Когда в социологических схемах свободное время рассматри­вается как часть внерабочего времени, то это можно оправдать лишь исследовательской задачей. Но за пределами специально оговоренной и намеченной установки — изучения внепроизвод-ственной сферы жизни и деятельности человека — разделять и противопоставлять друг другу свободное и рабочее время было бы грубейшей ошибкой. Тем более, если это касается социали­стического общества, покончившего и с эксплуатацией человека человеком, и с отчуждением труда.

41

И не следует думать, что это справедливо лишь по отноше­нию к особым, избранным видам трудовой деятельности, таким, как деятельность ученого или писателя, космонавта или киноре­жиссера. При социализме и представители рядовых, более скром­ных профессий, если только они работают на себя и на общест­во, свободно, в соответствии со склонностью и желанием избра­ли данный род занятий, сознают важность и ответственность своей работы, удовлетворены тем, что их труд не только мате­риально, но и морально поощряется обществом, заняты трудом, который со стороны своего социального содержания является трудом свободным.

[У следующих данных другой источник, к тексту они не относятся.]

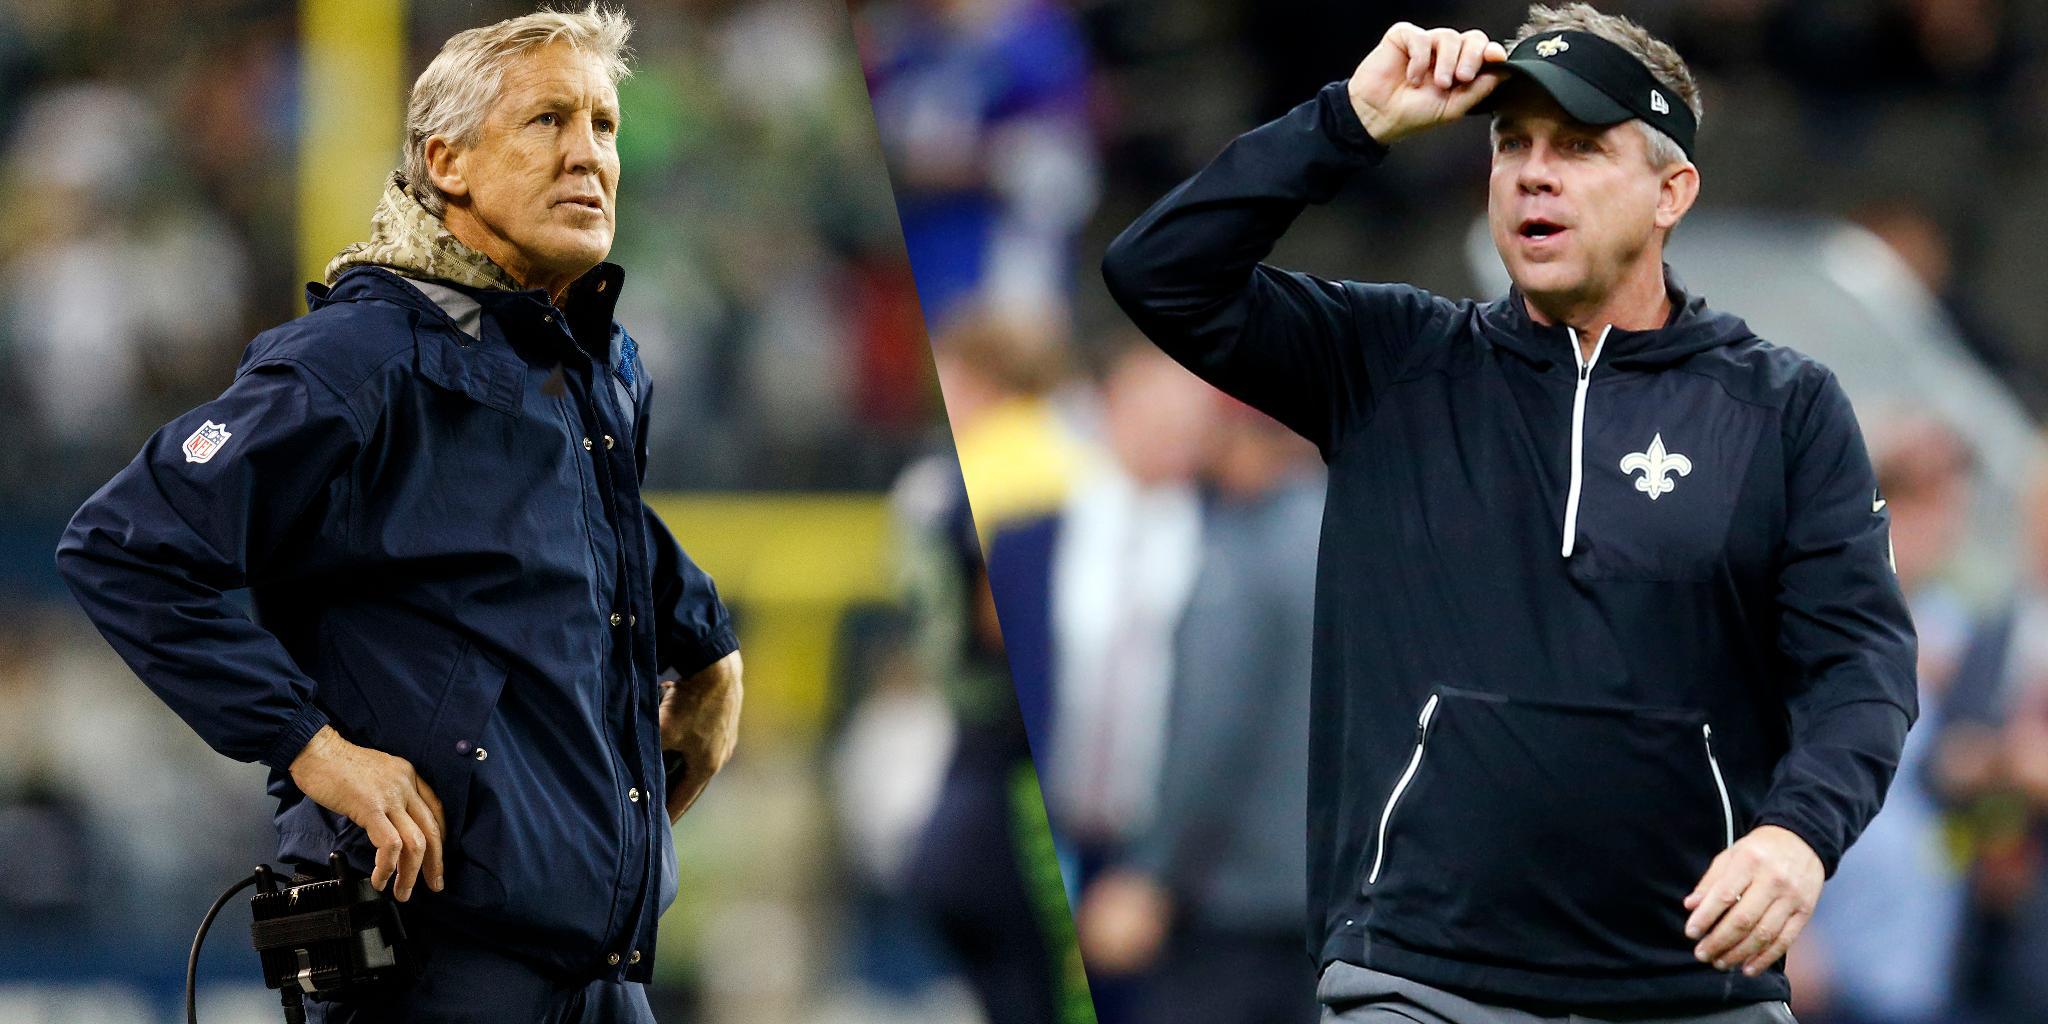 Sean Payton, Pete Carroll among coaches fined: https://t.co/E3IY3pqrd6 (via @TomPelissero) https://t.co/VgYVV2GLoV

Все это, конечно, не означает, что нужно абсолютизировать и апологетизировать сегодняшний день и не видеть перспектив дальнейшего развития: коренных изменений во всем спектре че­ловеческой деятельности, выхода в конце концов человека из не­посредственной сферы материального производства. Тем более было бы недопустимо каким-либо образом тормозить, сдержи­вать этот очень важный и прогрессивный процесс.

При социализме свободное время уже не противоположно рабочему (как при капитализме), но еще и не тождественно ему (как при коммунизме). Социализм есть процесс перехода от не­обходимости к свободе. Но такой переход, который совершается в рамках единой коммунистической формации, и на сегодняшний день — уже на своей собственной основе. Верно, что нельзя за­бегать в завтрашний день. Но еще более верно, что нельзя и оставаться во вчерашнем. Отделение же и противопоставление свободного времени рабочему — это и есть вчерашний день истории.

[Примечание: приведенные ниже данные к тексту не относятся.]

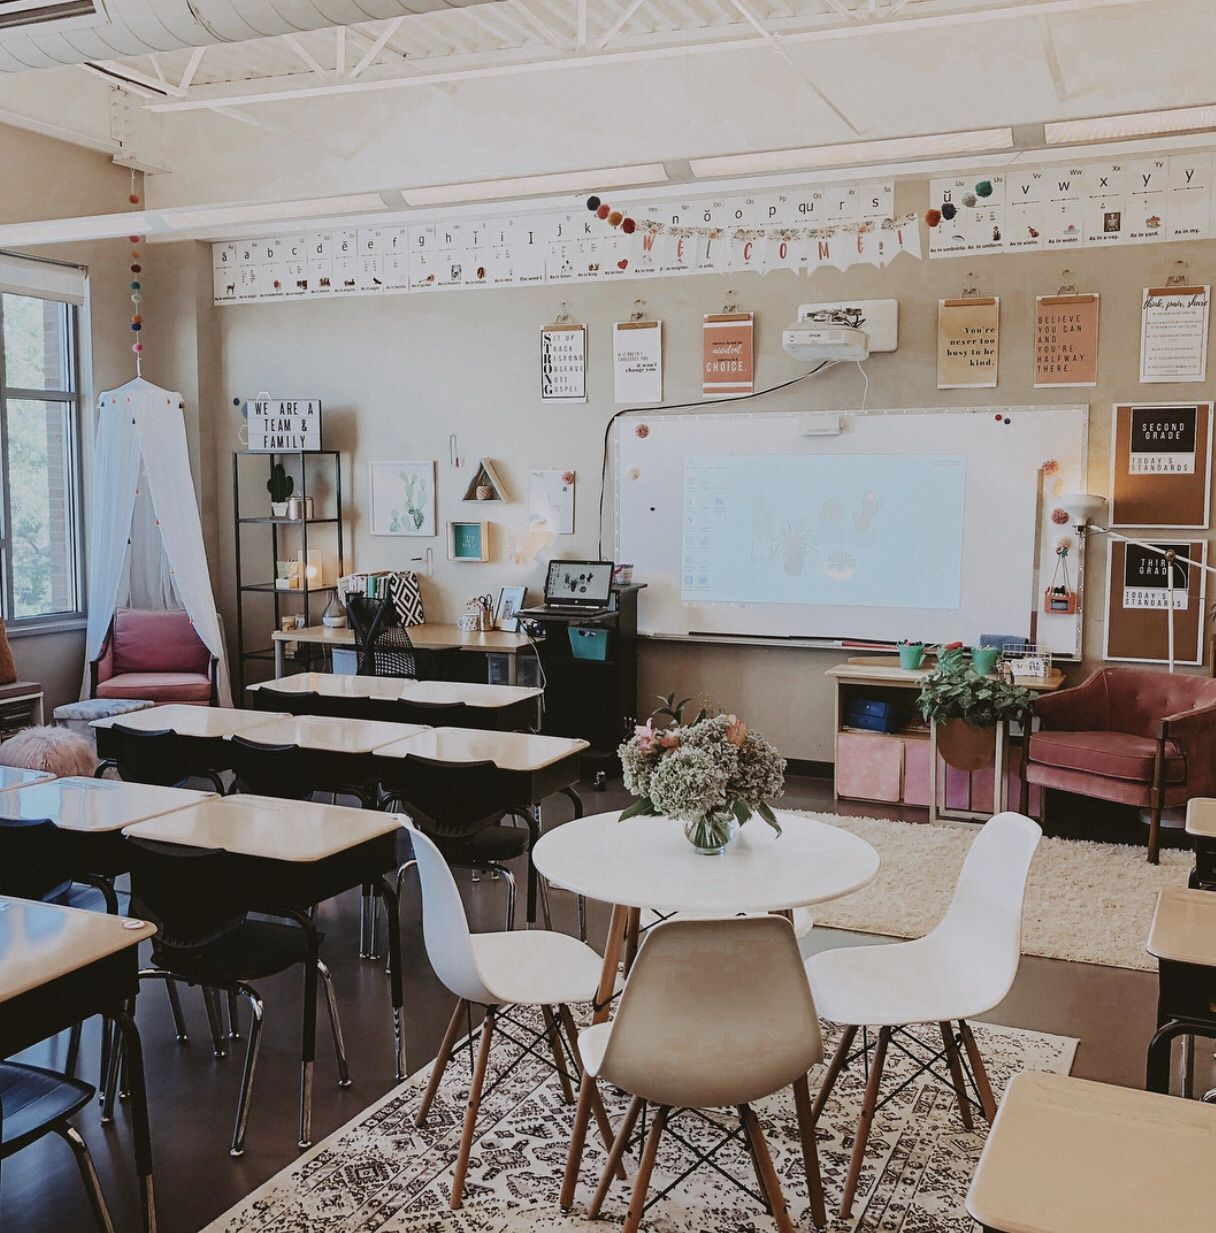 51 Best Classroom Decoration Ideas | School decor

Проблема культуры внерабочего свободного времени являет­ся, бесспорно, важной и теоретической и практической задачей коммунистического строительства. В том, что это время еще да­леко не всеми расходуется наилучшим образом, виноваты и лю­ди, и обстоятельства. Но не менее важна проблема, как поднять до уровня свободного рабочее время, т. е. как всякий труд пре­вратить в труд творческий, облагораживающий и развивающий человека, т. е. в труд свободный. Полагать, что свободная дея­тельность (и свободное время) возможны всегда и при любых обстоятельствах только вне труда (во внерабочее время), зна­чит, не только допускать непростительную ошибку теоретическо­го характера, но и делать большой педагогический просчет. Это значит воспитывать у людей, прежде всего у подрастающего по­коления, превратный взгляд и превратное отношение к труду (в особенности к труду физическому) как только к обязанности, повинности, тогда как именно труд является основным и реша-

42

ющим фактором социализации личности (тем самым — обрете­ния личностью подлинной свободы). Свободный, творческий труд нужен человеку не только как средство жизни, он нужен ему «сам по ceбе, для развития и поддержания в нем чувства чело­веческого достоинства» [224, 125].

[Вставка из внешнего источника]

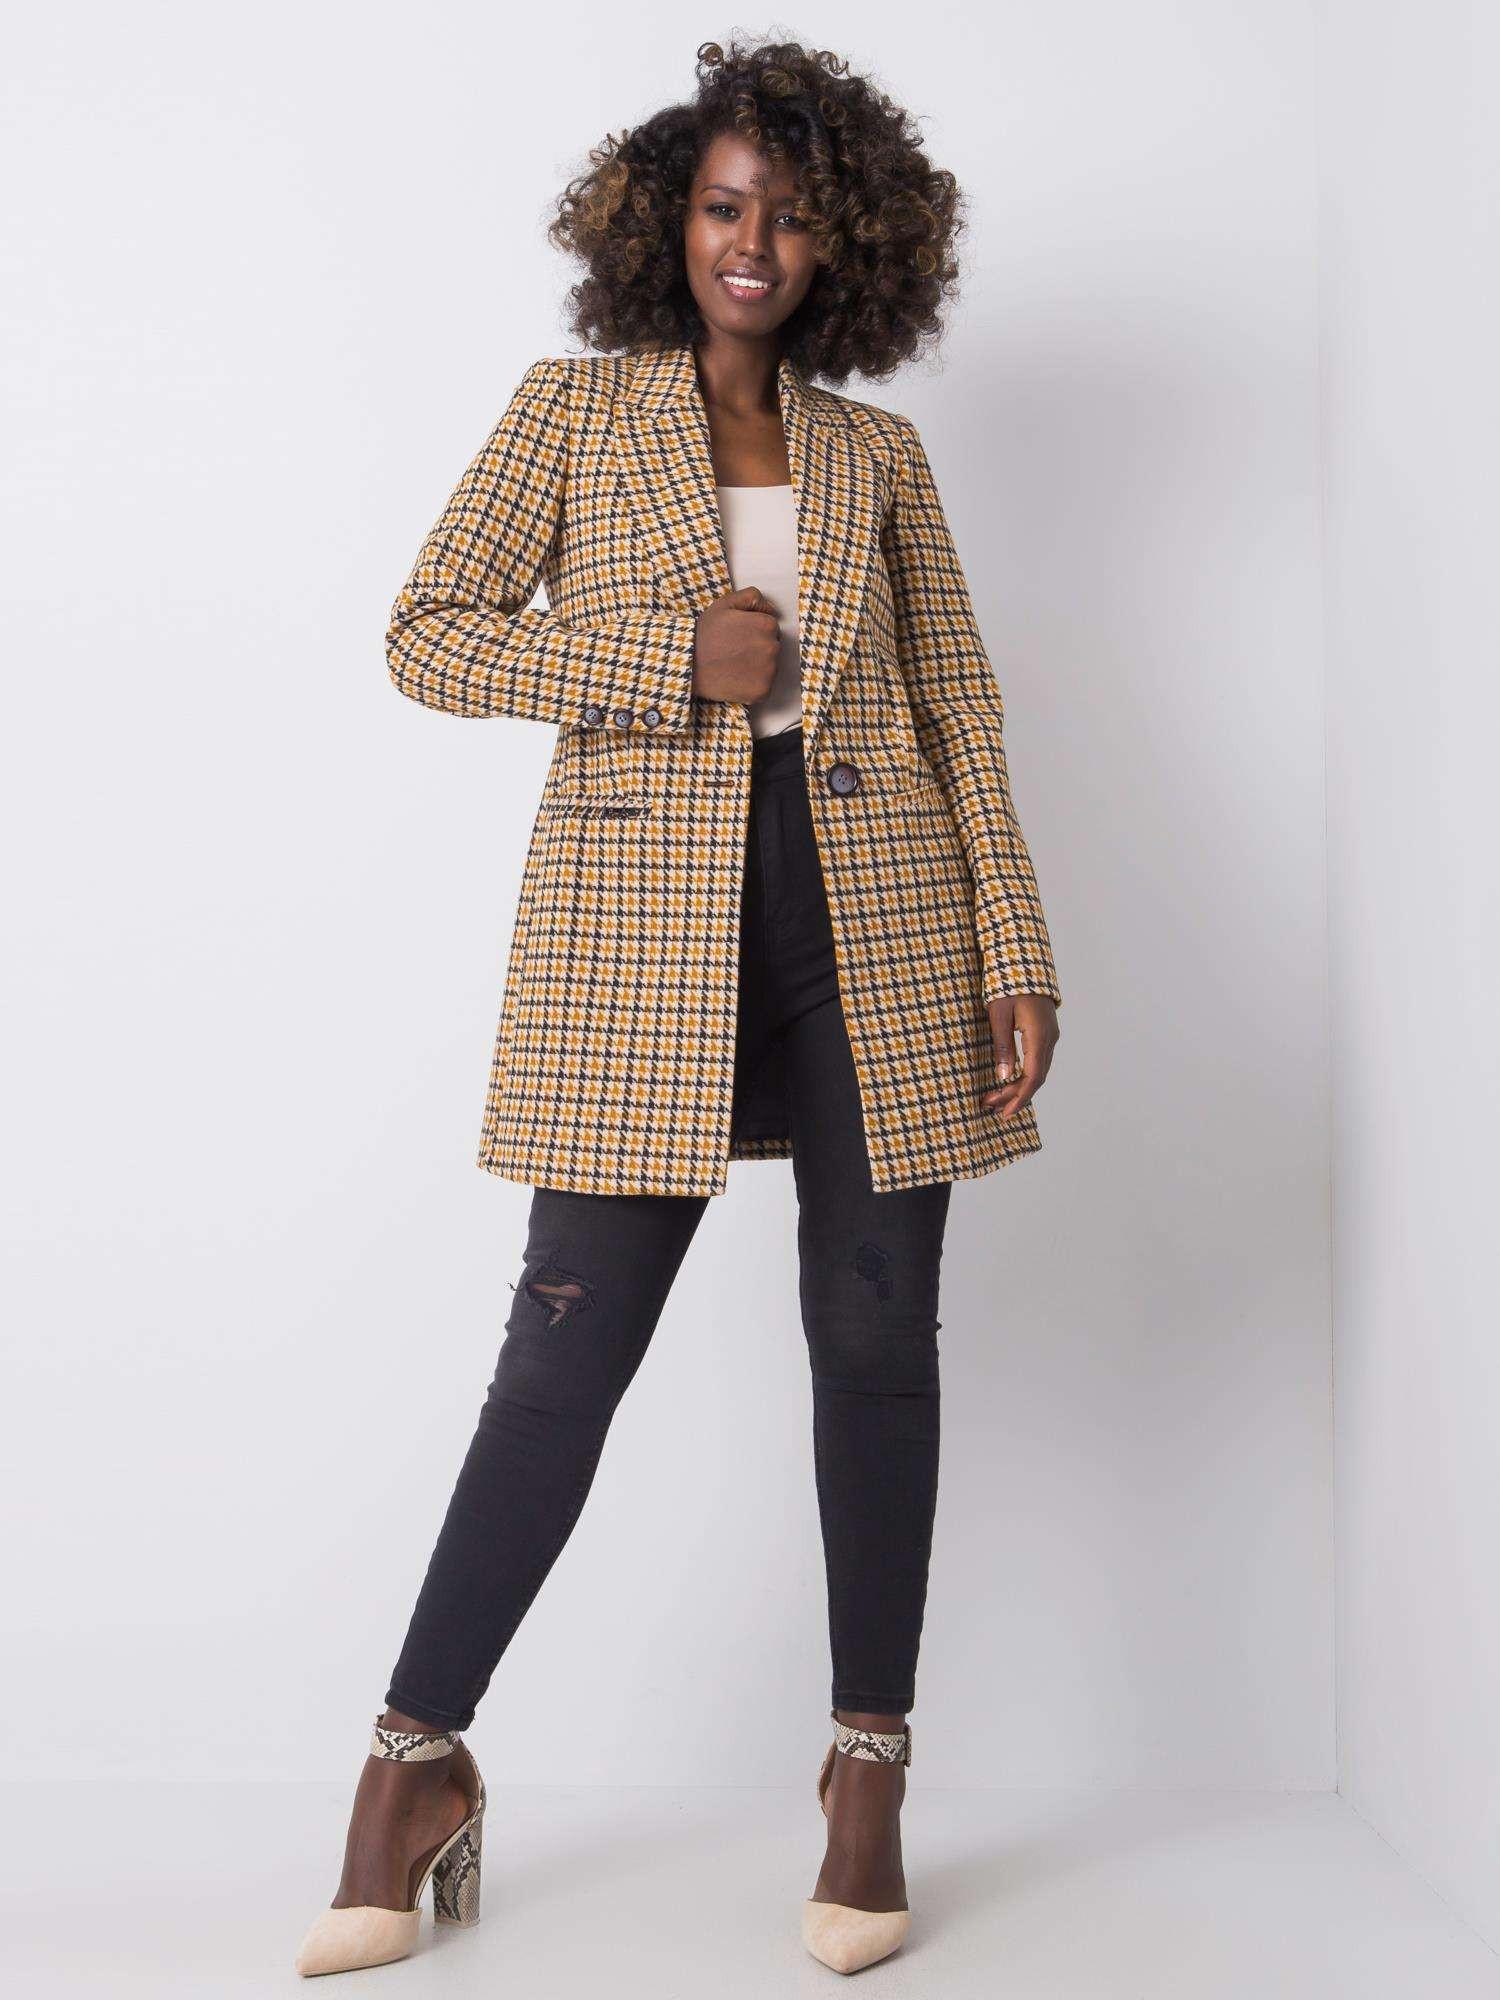 Dámský hnědý a černý kabát XL

Освобождение человека от непосредственного участия в про­цессе производства означает не упразднение труда, а преобразо­вание его сущности, развитие трудового акта в акт свободной игры интеллектуальных и физических сил человека, соединяю­щий в себе глубину научного овладения объектом с эстетическим изяществом формы этого совершенного, синтетического вида деятельности.

Категории свободного и рабочего времени требуют конкрет­но-исторического употребления. Насколько эти понятия подвиж­ны и переходят, проникают друг в друга в зависимости от раз­вивающихся общественных отношений и прежде всего от того, относятся ли они к обществу в целом или к отдельному инди­виду, можно убедиться из следующих соображений.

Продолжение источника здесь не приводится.